The Sri Lankan born Hedge fund founder Raj Rajaratnam, the billionaire manager of the Galleon hedge fund, was found guilty on Wednesday on all counts in the largest hedge fund insider trading case in the United States history.
The case started when FBI arrested Rajaratnam on October 16, 2009 on charges of insider trading. The prosecution is the biggest involving alleged insider trading on Wall Street in two decades.
Prosecutors have accused the Sri Lankan-born Rajaratnam of reaping as much as $63.8 million illegally by trading on inside tips about companies such as chipmaker Advanced Micro Devices Inc, Intel Corp, Google and Goldman Sachs Group Inc.
Rajaratnam was found guilty by the jurors on nine counts of securities fraud and five counts of conspiracy.
Raj Rajaratnam, once a high-flying billionaire and hedge fund manager is now a convicted felon,14 times over. Rajaratnam was among the best and the brightest – one of the most educated, successful and privileged professionals in the country,” said Preet Bharara, the US attorney for Manhattan.
This conviction will give the SEC the teeth to go after the cases of insider-trading.
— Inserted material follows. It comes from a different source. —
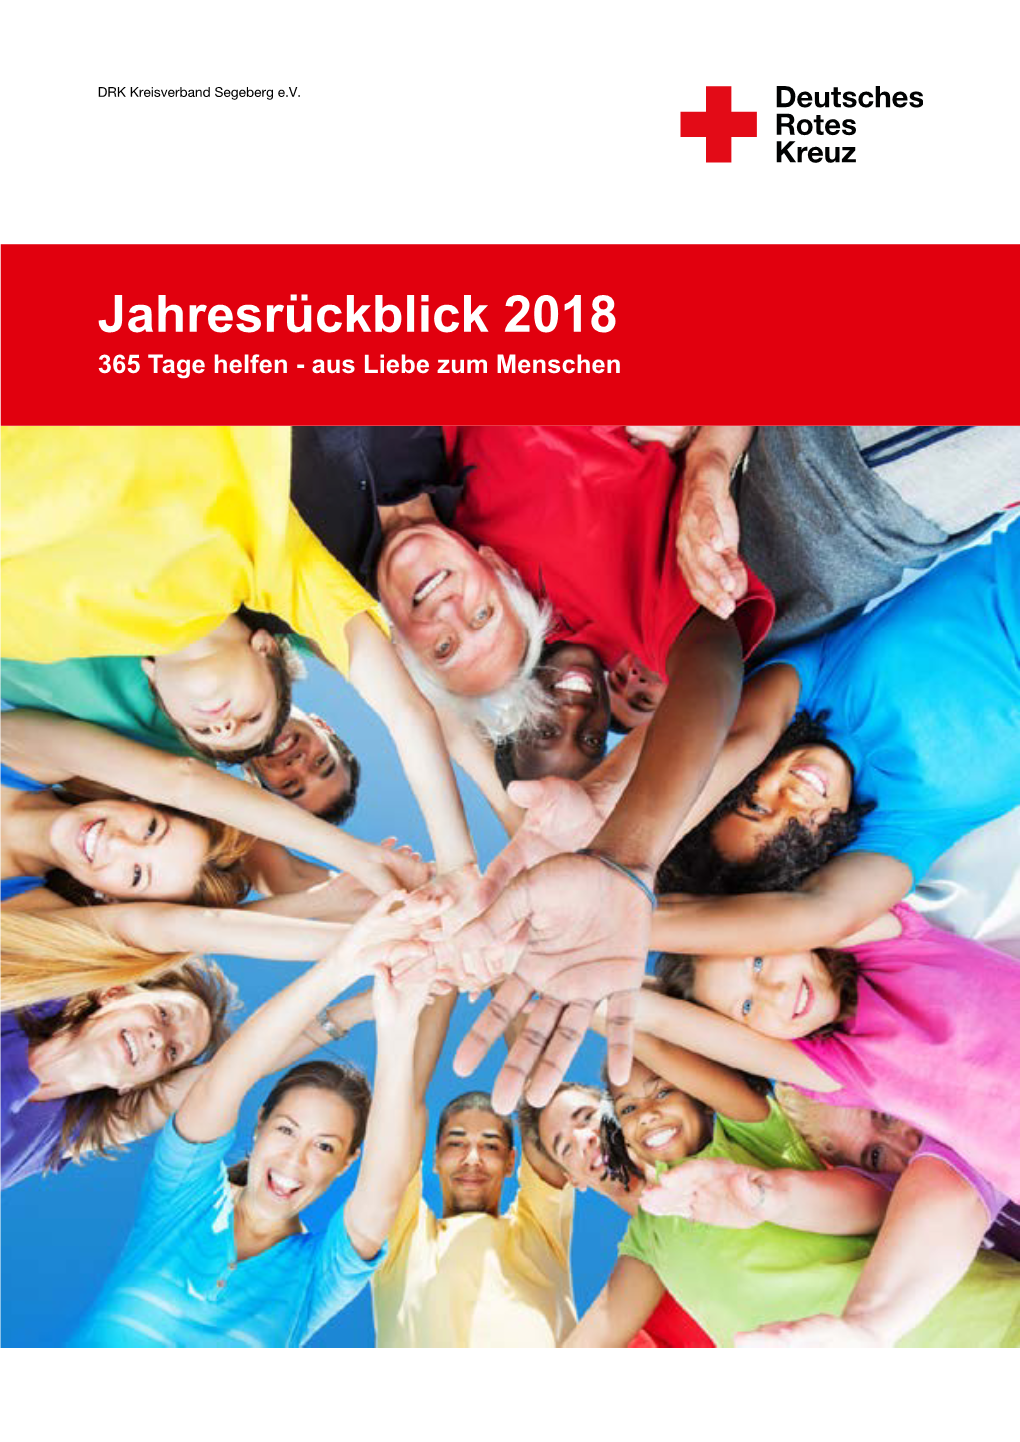 Jahresrückblick 2018 2017 365 Tage Tage Helfen Helfen - Aus Liebe Zum Menschen Herausgeber: DRK-Kreisverband Segeberg E.V

Over the last 18 months, Bharara’s office alone has charged 47 people with insider trading, of those, 36 have been convicted or have pleaded guilty. Rajaratnam's case was the 35th defendant who was convicted or had plead guilty.
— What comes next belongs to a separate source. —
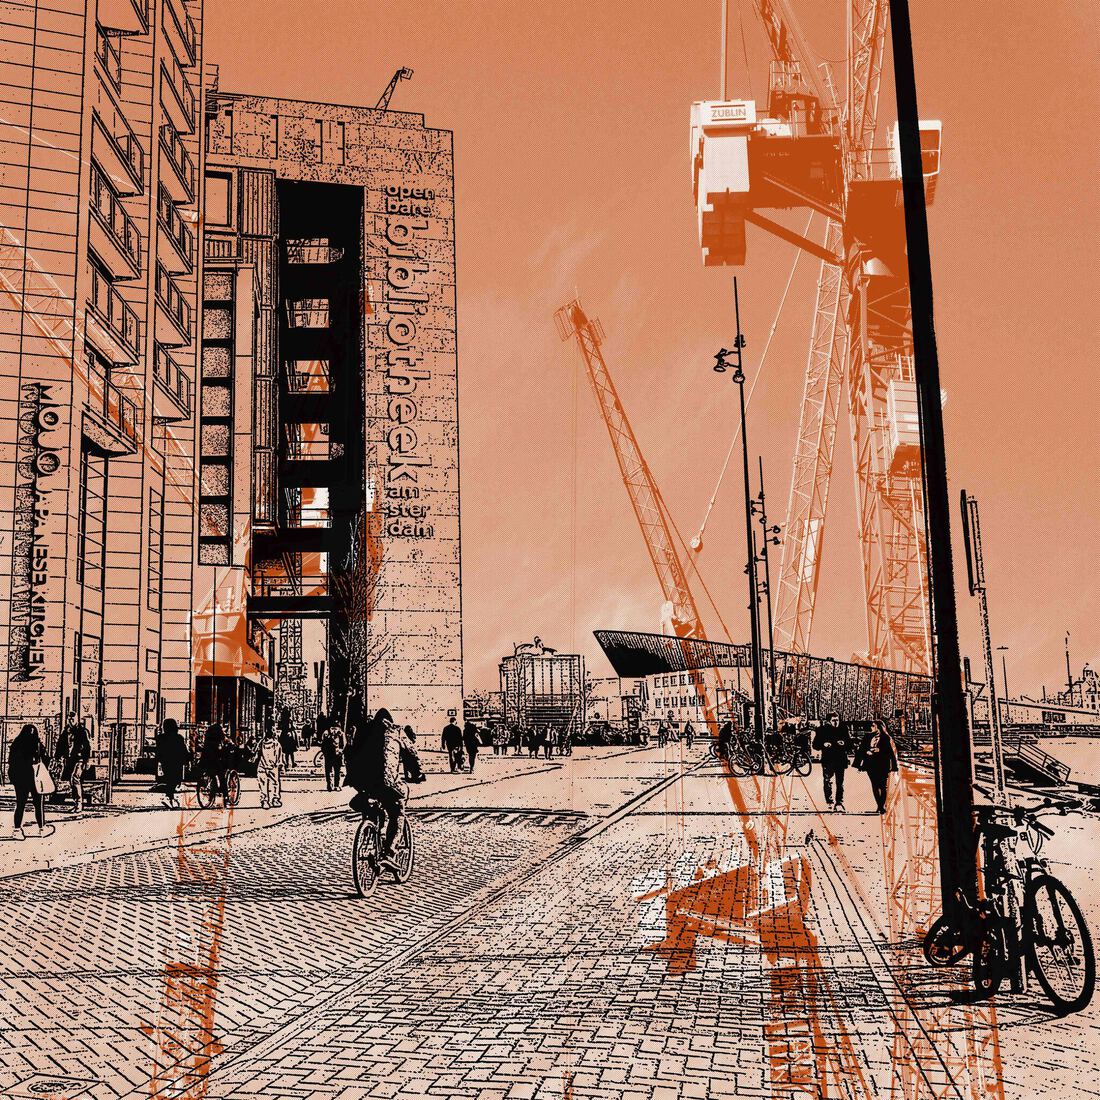  Aan de  Oosterdokskade, Amsterdam - digitale art-print

According to the Justice Department, each of the conspiracy counts carries a maximum sentence of five years in prison and a maximum fine of the greater of $250,000 or twice the gross gain or loss from the offense. Each of the securities fraud counts carries a maximum sentence of 20 years in prison and a fine of $5 million. Rajaratnam faces a maximum prison term of 205 years in total.
According to legal experts, he could face up to 25 years in prison and also be forced to disgorge tens of millions of dollars in illegal trading profits.